Überbürokratisierung

Schauen wir noch ein letztes Mal in das Freisleben-Buch Medizin ohne Moral, das jedem im Gesundheitswesen Tätigen ans Herz zu legen ist. Der Allgemeinarzt spricht an, was viele Kolleginnen und Kollegen bedrückt: Da ist etwa der Aufwand für Information und Dokumentation, der auch in den Pflegeheimen allmählich überhandnimmt.

DSCN2013Die Krankenkassen pflegten statt einer Kultur des Vertrauens nun eine Kultur der Kontrolle, meint Freisleben auf Seite 46. Freilich muss ein Sozialstaat, der alle Belange in einer hoch strukturierten Gesellschaft verwalten will, Buch führen, und seit es den Computer gibt, fließen die Daten schneller. Manche Vorgänge laufen besser, doch wenn mehr geht, lassen sich das die Verwalter der Welt nicht entgehen, und sie füllen ihre Datensilos, die irgendwann zu gigantischen Datengräbern werden.

Doch man kann die Akteure mit Forderungen auch überlasten, bis ihnen die Lust vergeht. Der Autor schreibt:

Diese »kafkaesken«, aufwendigen Formalisierungen wurden allmählich für immer mehr Routinetätigkeiten eingeführt, vornehmlich für Verordnungen von Leistungen, die von den Kostenträgern als Einsparpotenziel angesehen werden. Die Begründung lautet immer, dies sei im Namen der Qualität notwendig. … Eine absurde Bürokratie, die der Arzt aufgrund von Zeitknappheit kaum korrekt bearbeiten kann, führt häufig zu dem offenbar erwünschten Effekt, dass für den Patienten notwendige Verordnungen entgegen ihrem Bedarf immer weniger getätigt werden. 

DSCN2006Die Zunahme an Formalien werde in einem Bürokratieindex gemessen, nach dem die Bürokratie der Ärzte 54,49 Millionen Arbeitsstunden im Jahr ausmache; dafür könnte man 4000 neue Ärzte einstellen. Für den Bereich der Altenpflege hat Thomas Klier in seinem 2014 erschienenen Buch Wen kümmern die Alten? festgestellt, dass (2012) Arbeitszeit im Gegenwert von zehn Prozent der gesamten Pflegeversicherung für die Dokumentation draufgehe. Die Bundesregierung bestellte dann eine Frau für die Entbürokratisierung, aber von ihr hat man nicht mehr viel gehört. Klier schreibt:

Hier hat sich die Qualitätssicherung völlig verselbstständigt  und diejenigen, um die es eigentlich geht, vollständig aus dem Blick verloren. Qualitätssicherung ersetzt die Moral der Handelnden und die Ethik in den Institutionen.

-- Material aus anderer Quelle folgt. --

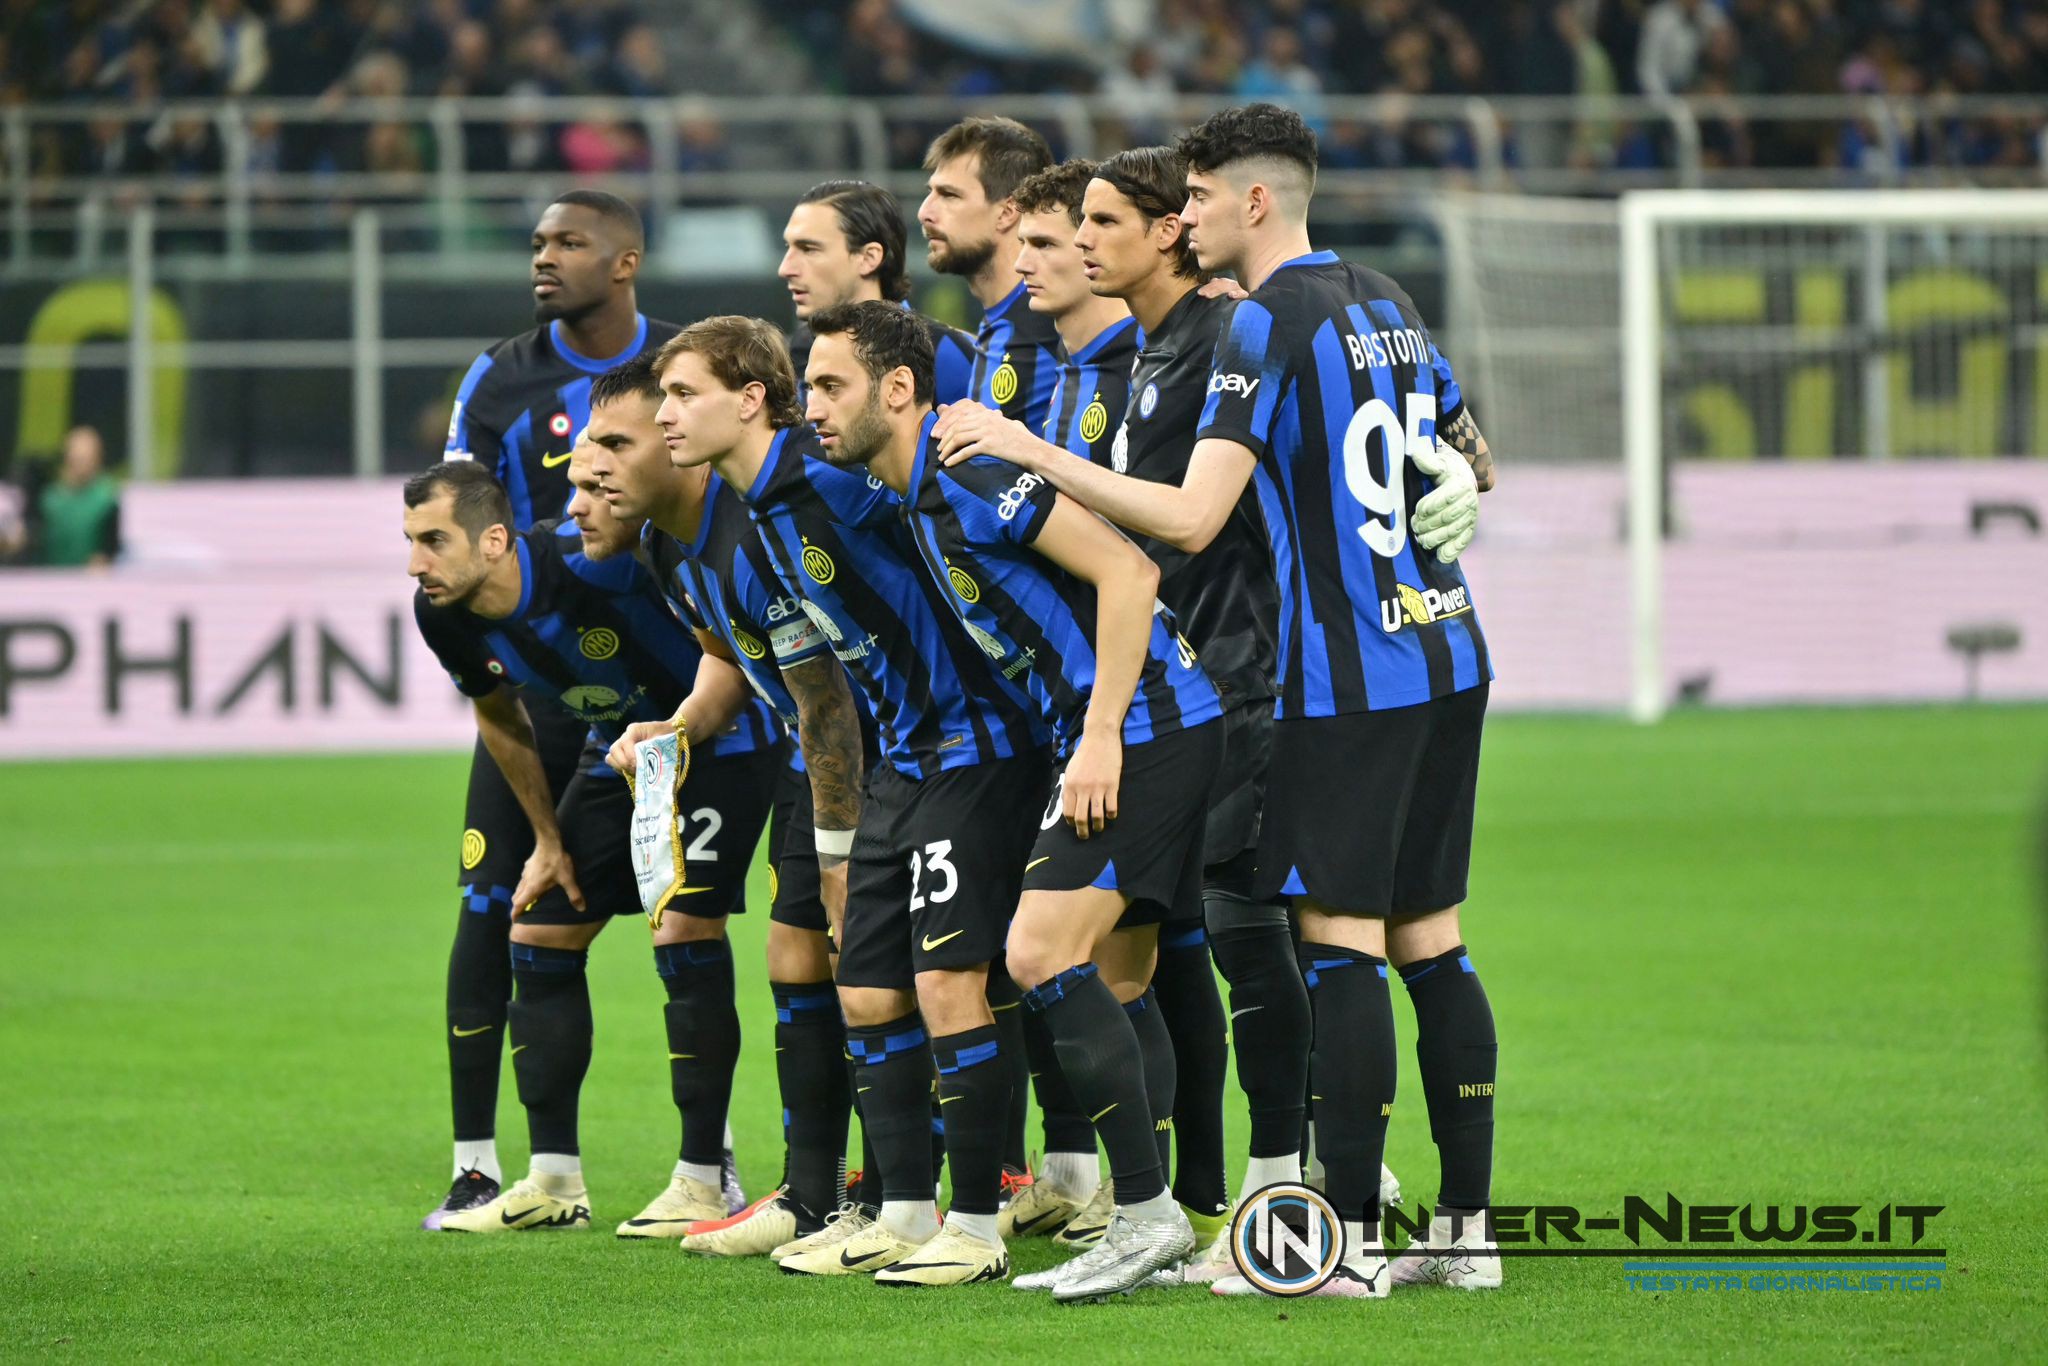 Inter-Napoli (Photo by Tommaso Fimiano/Inter-News.it ©)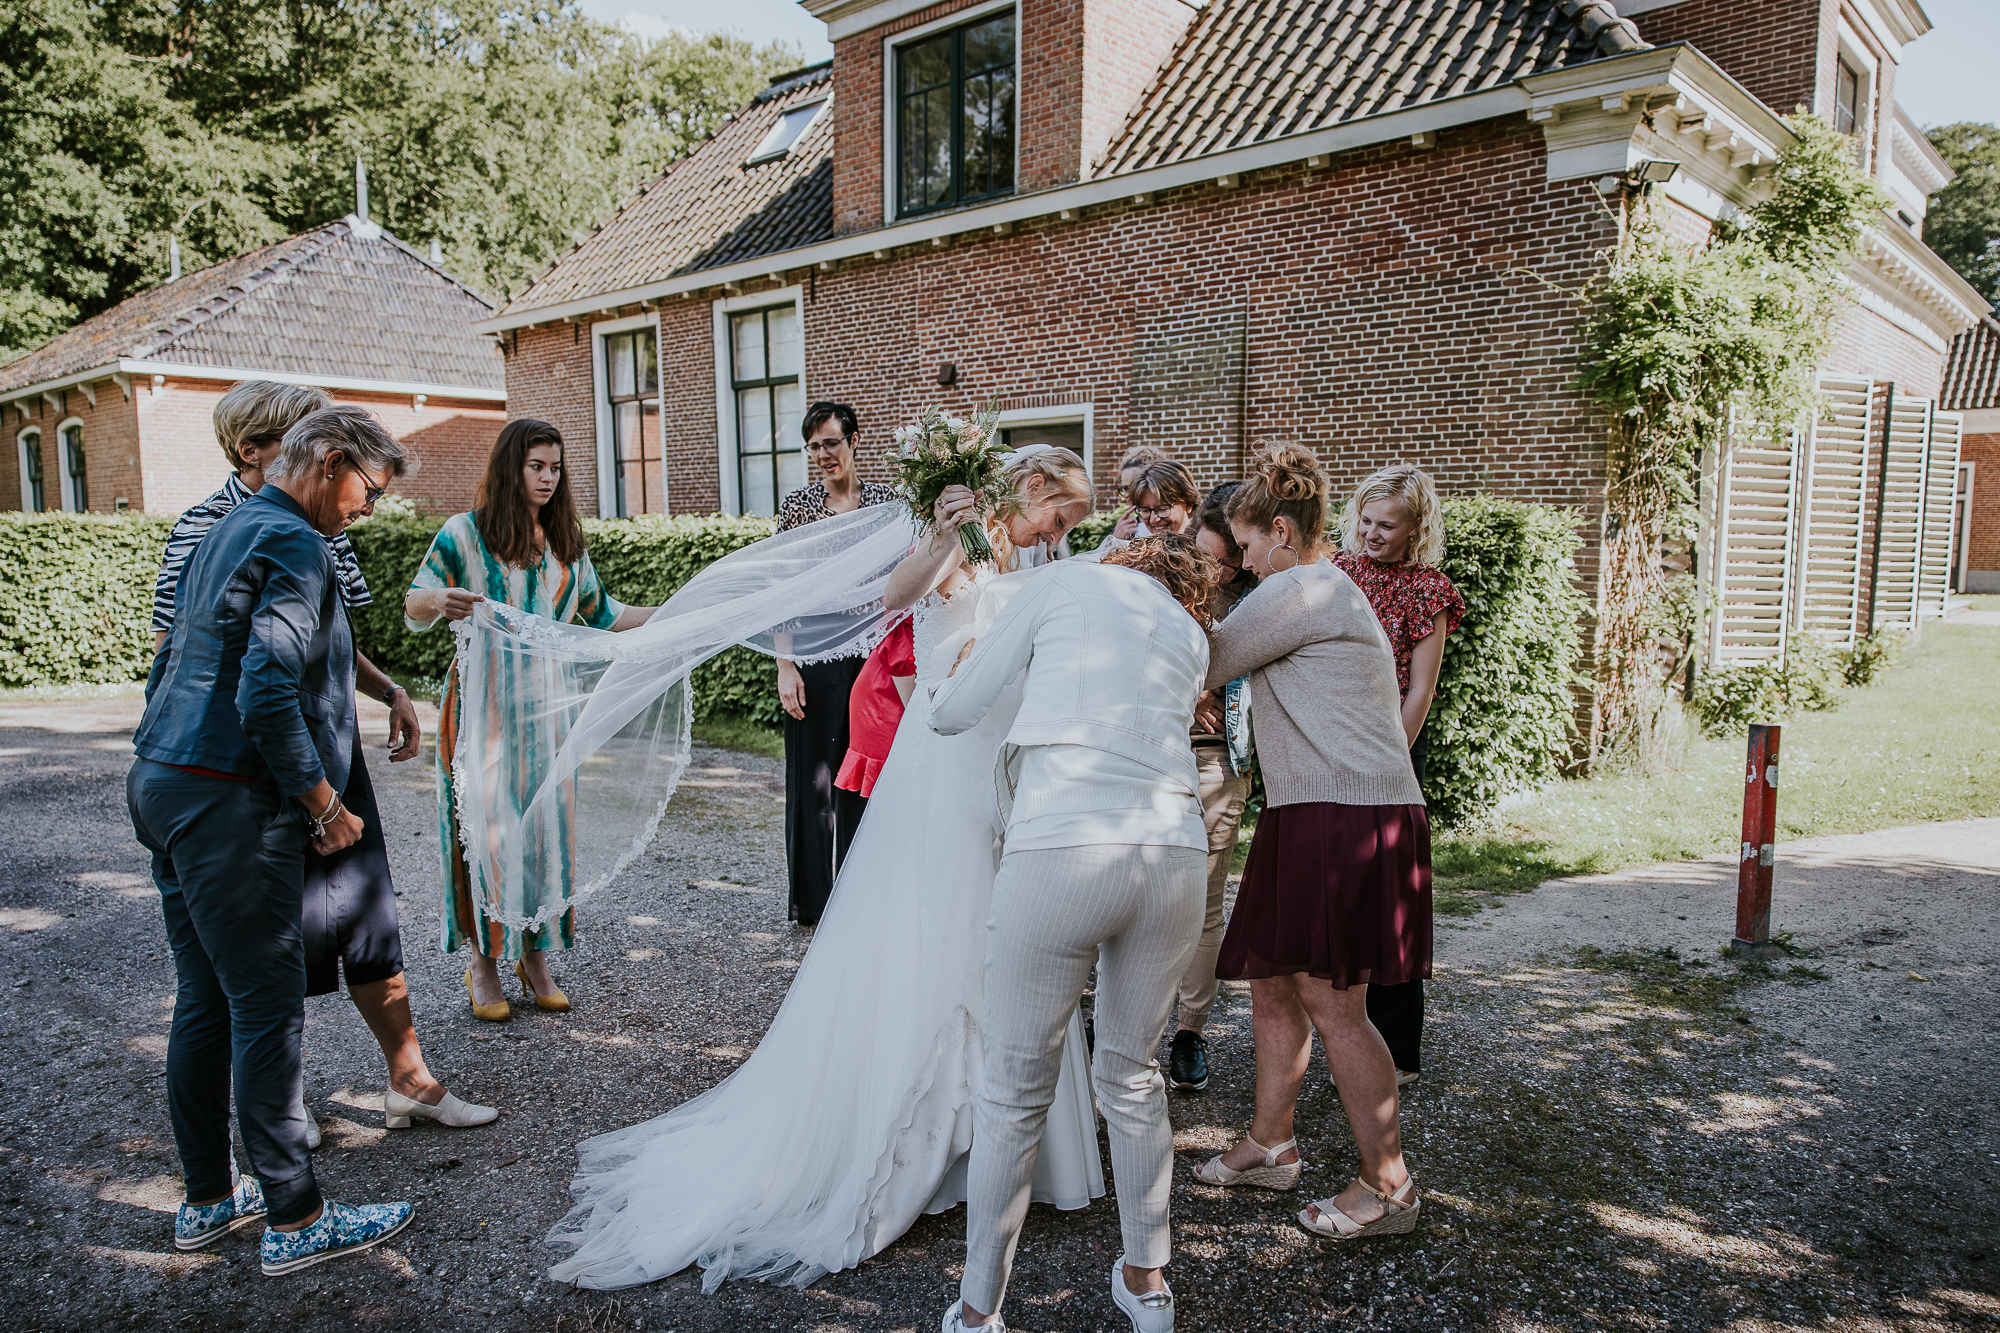 Vriendinnen bewonderen de bruidsjurk,  van  Bruid & Bubbels. Bruidsfotografie door bruidsfotograaf Nickie Fotografie uit Friesland.

Und sie zerstört damit die Grundlagen für die Motivation, einen Beruf zu ergreifen, der Menschen dient.

Qualitätskontrolle heißt das Zauberwort. Schon in den 1960-er Jahren kursierte der Spruch »Formulare, Formulare — von der Wiege bis zur Bahre«. Mein Vater war damals Steuerberater, aber schon in den 1980-er Jahren war er, ein Mann der alten Schule, mit der Fülle der Gesetze und Regelungen überfordert, die man heute auch im Bankwesen wohl nur noch durch den Computer einigermaßen im Griff behalten kann. Doch überblicken muss man das Chaos, denn irgendwo gibt es eine kontrollierende Instanz.

Die Pflegeheime fürchten den unangemeldeten Besuch des MDK, des Medizinischen Dienstes der Krankenkassen, der wie ein Polizeitrupp das Dokumentierte unter die Lupe nimmt und die Heimleitung unter Druck setzt. Bei manchen Bewohnern muss die Flüssigkeitsmenge notiert werden, die sie zu sich nehmen (kann man das immer?), und wann sie Stuhlgang hatten und wie der war. Die Form und Konsistenz erfasst übrigens der Bristol Stool Scale, das habe ich mir gemerkt, aber das wollte ich nur nebenbei bemerkt haben, weil das kurios ist.